Kiss Off, Milton Friedman
Newsweek|September 13-23, 2019
Kiss Off, Milton Friedman
CEOs declared they were no longer in a monogamous relationship with investors. But who were they really breaking up with?
Sam Hill

YOU HEARD THE NEWS. THE BUSINESS Roundtable, an association of 192 top CEOs, recently made a splash when it announced that, in addition to making money for shareholders, the purpose of corporations is to deliver value to customers, invest in employees, deal fairly with suppliers and support communities. The media absolutely swooned. Los Angeles Times even called it a “shocking reversal.”

But as with many things, once you wait a few days to let the words settle in, it’s not all it seems. Certainly for those who read Fortune or Harvard Business Review or the McKinsey Quarterly—admittedly not a lot of you—the policy declaration is by no measure a reversal of anything significant. It’s simply a recognition of a shift that has been a long time in the making. In reality, it probably won’t make much of a difference in how these, and other American companies, do business.

After all, it doesn’t seem like it should be a big deal to say that customers, employees, suppliers and communities matter. My guess is that most of us already assumed companies cared about the folks paying the bills. (Unless, of course, it is an airline dragging a customer off the aircraft and back into the terminal.)

What the CEOs didn’t talk about is more important than anything in their declaration a few weeks ago: For almost 50 years, American chief executives have loosely followed the Friedman Doctrine. That doctrine, taken from a 1970 essay by Nobel-prize winning economist Milton Friedman entitled “The Social Responsibility of Business is to Increase Profits,” says, “there is one and only one social responsibility of business—to use its resources and engage in activities designed to increase its profits…” For America’s top C-suiters to acknowledge publicly that Friedman was actually wrong about something was, yes, extraordinary.

But then again, Friedman’s article was an equally big deal at the time. It was a response to a wave of post-World War II social activism by business leaders, including Robert O. Anderson, CEO of ARCO, who along with Walter Paepcke, chief executive of Container Corporation of America, founded and led the Aspen Institute to further their vision of business and business leaders participating actively in society, particularly through philanthropy. To Friedman, though, executives like Anderson and Paepcke were spending “someone else’s money.”

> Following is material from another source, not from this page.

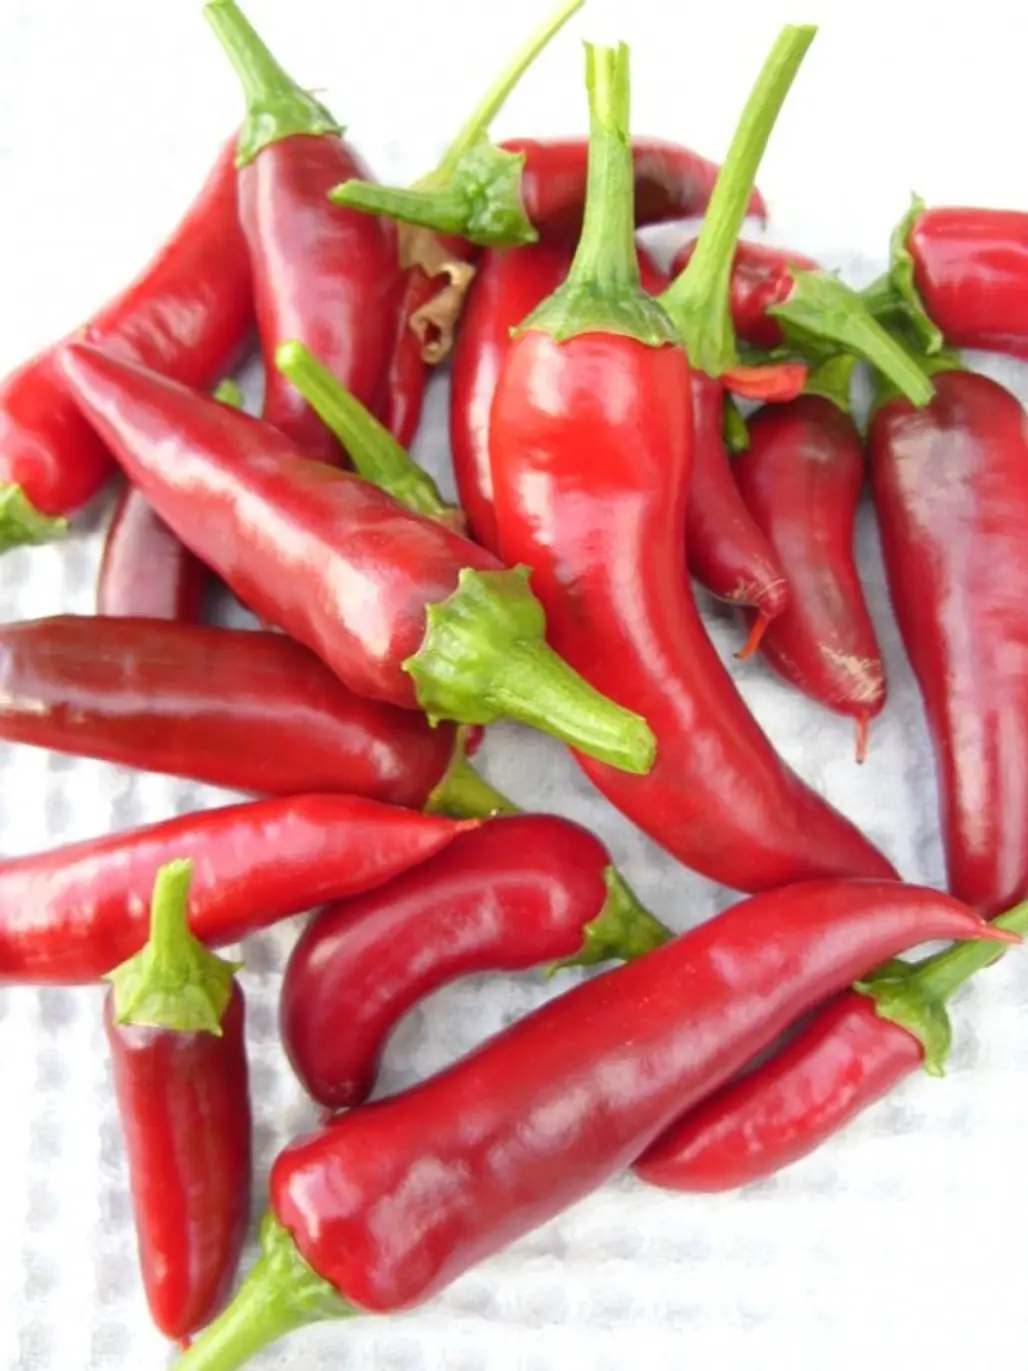 malagueta pepper,food,peperoncini,chili pepper,produce,

Friedman saw social responsibility as a slippery slope, one that would lead to “pure and unadulterated socialism.” Friedman’s work and that of others like Michael Jensen laid the groundwork for the shareholder value movement of the 1980s, associated in the public mind with ferocious profit hunters like Sunbeam, Scott Paper chief executive “Chainsaw” Al Dunlap and “Neutron Jack” Welch, longtime CEO of General Electric.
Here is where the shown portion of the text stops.